Re: [Patch] pg_rewind: options to use restore_command from recovery.conf or command line

From: a(dot)kondratov(at)postgrespro(dot)ru
To: Andrey Borodin <x4mmm(at)yandex-team(dot)ru>
Cc: PostgreSQL-development <pgsql-hackers(at)postgresql(dot)org>, Dmitry Dolgov <9erthalion6(at)gmail(dot)com>, Michael Paquier <michael(at)paquier(dot)xyz>, Alvaro Herrera <alvherre(at)2ndquadrant(dot)com>, vladimirlesk(at)yandex-team(dot)ru, dsarafan(at)yandex-team(dot)ru
Subject: Re: [Patch] pg_rewind: options to use restore_command from recovery.conf or command line
Date: 2019-01-21 20:50:33
Message-ID: ecb60bb6eb9c7fc22e6002fa80e1dbe6@postgrespro.ru
Views: Raw Message | Whole Thread | Download mbox | Resend email
Thread:
Lists: pgsql-hackers

Hi Andrey,

Thank you for the review! I have updated the patch according to your
comments and remarks. Please, find new version attached.
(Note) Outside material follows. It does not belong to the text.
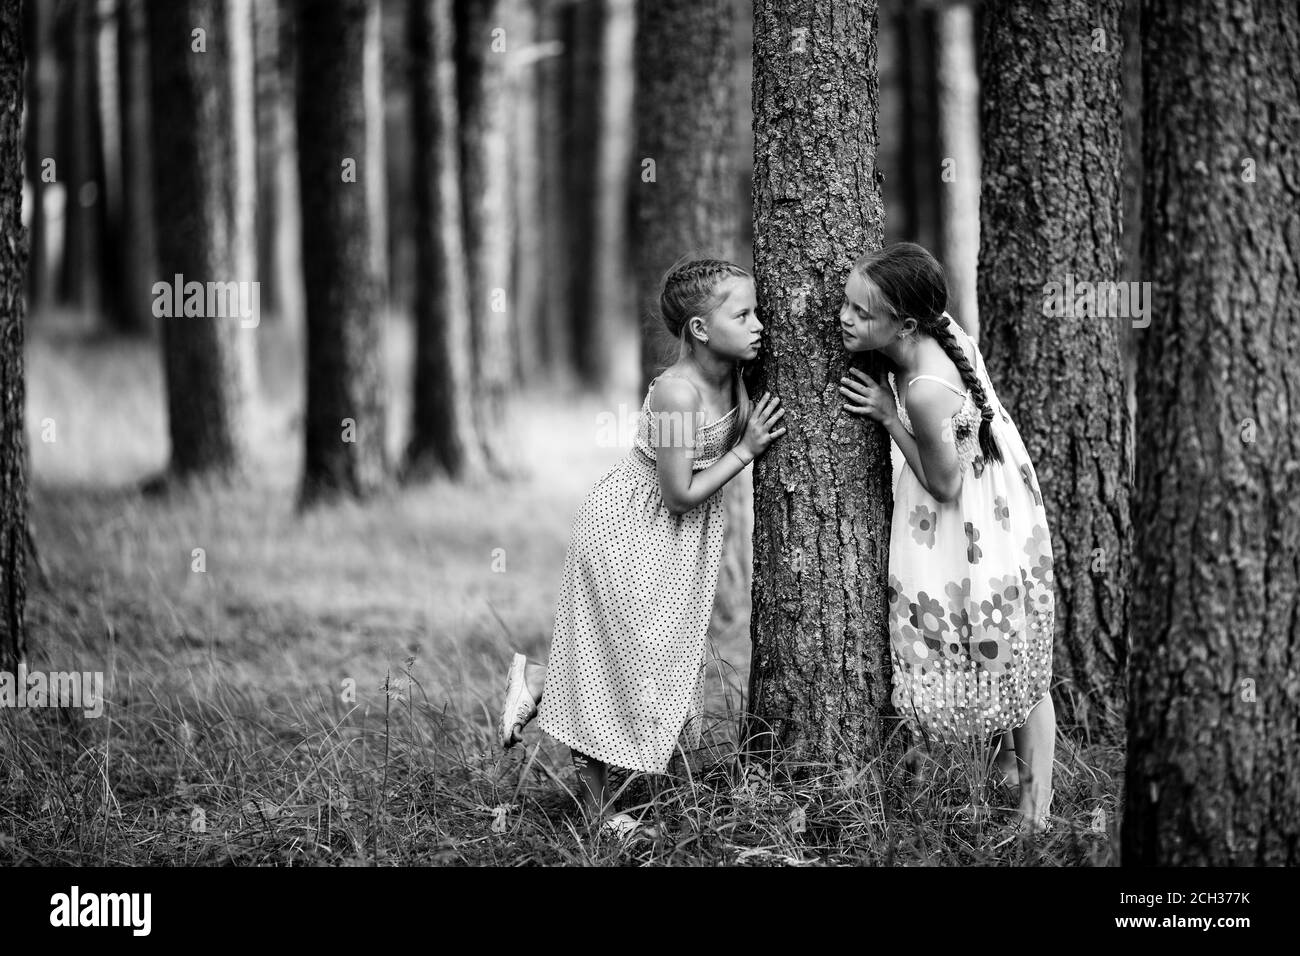 Deux petites filles dans le parc. Photo en noir et blanc. Banque D'Images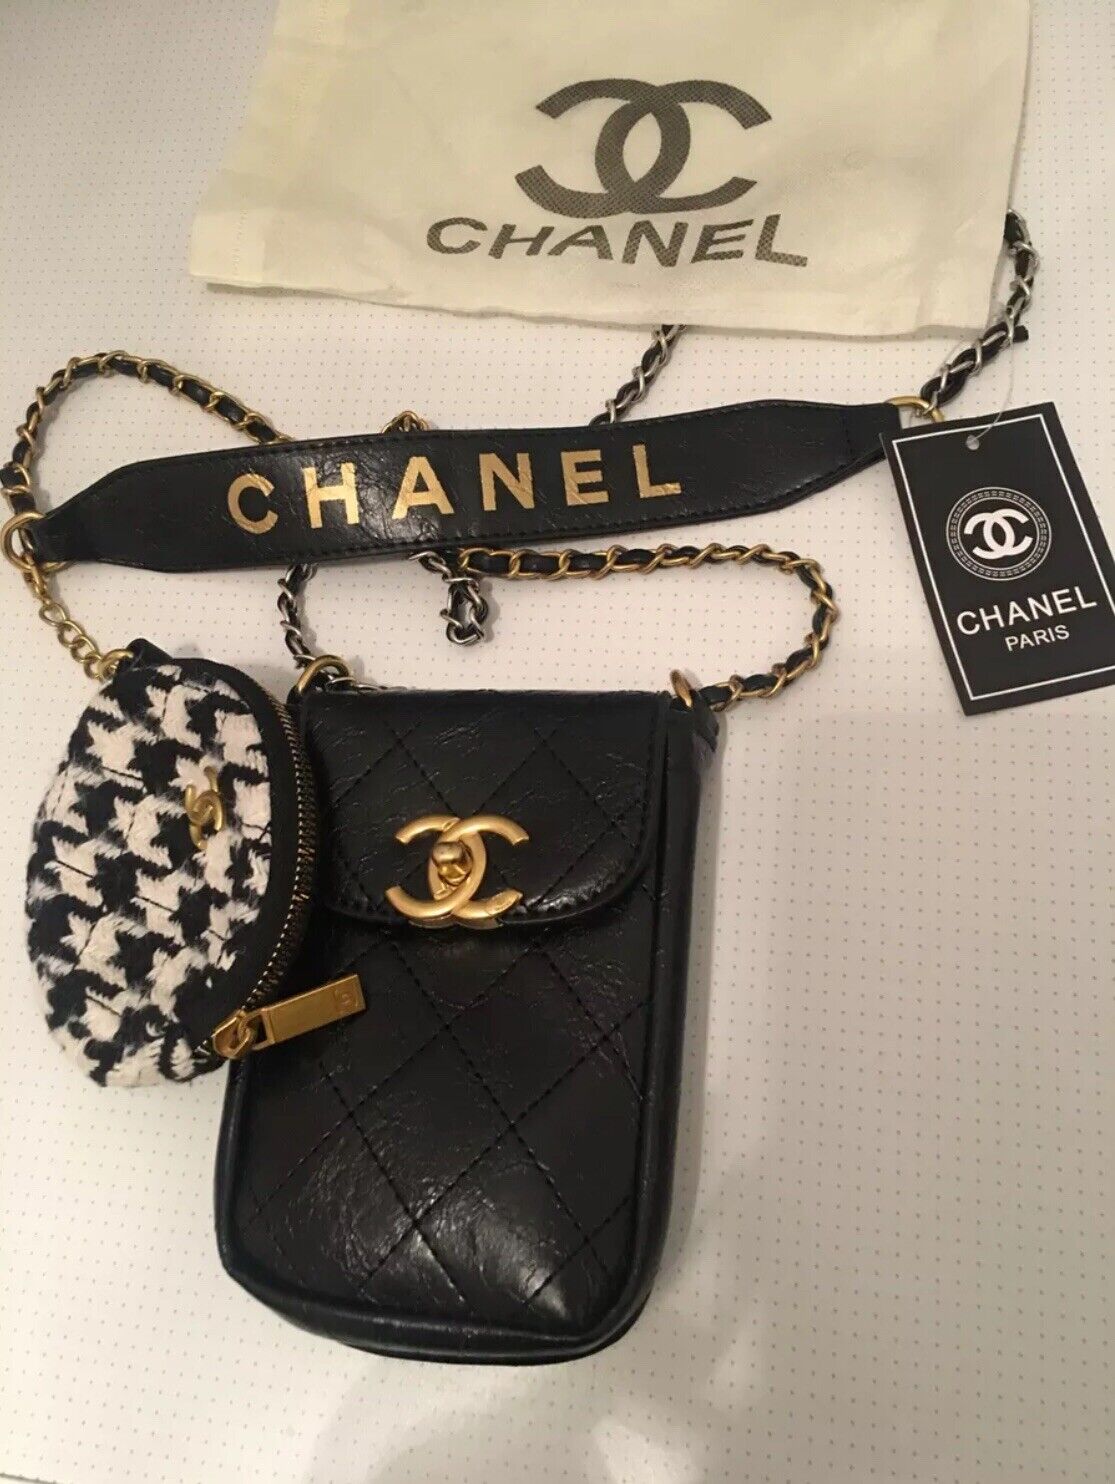 Купить Chanel Makeup / Beaute Vip Gift Tasche -Handytasche на Аукцион DE из  Германии с доставкой в Россию, Украину, Казахстан

On 2019-01-07 12:12, Andrey Borodin wrote:
>
> Here are some my notes:
> 1. RestoreArchivedWAL() shares a lot of code with
> RestoreArchivedFile(). Is it possible\viable to refactor and extract
> common part?
>

I am not sure, but I guess that differences in errors reporting and
points 2-3 are enough to leave new RestoreArchivedWAL() apart. There
are not many common parts left.

>
> 2. IMV pg_rewind with %r restore_command should fail. %r is designed
> to clean archive from WALs, nothing should be deleted in case of
> fetching WALs for rewind. Last restartpoint has no meaning during
> rewind. Or does it? If so, let's comment about it.
>

Yes, during rewind we need the last common checkpoint, not restart
point.
Taking into account that Michael pointed me to this place too and I
cannot
propose a real-life example of restore_command with %r to use in
pg_rewind,
I decided to add an exception in such a case. So now pg_rewind will fail
with error.

>
> 3. RestoreArchivedFile() checks for signals, is it done by pg_rewind
> elsewhere?
>

There is a comment part inside RestoreArchivedFile():

* However, if the failure was due to any sort of signal, it's best to
* punt and abort recovery. (If we "return false" here, upper levels
will
* assume that recovery is complete and start up the database!)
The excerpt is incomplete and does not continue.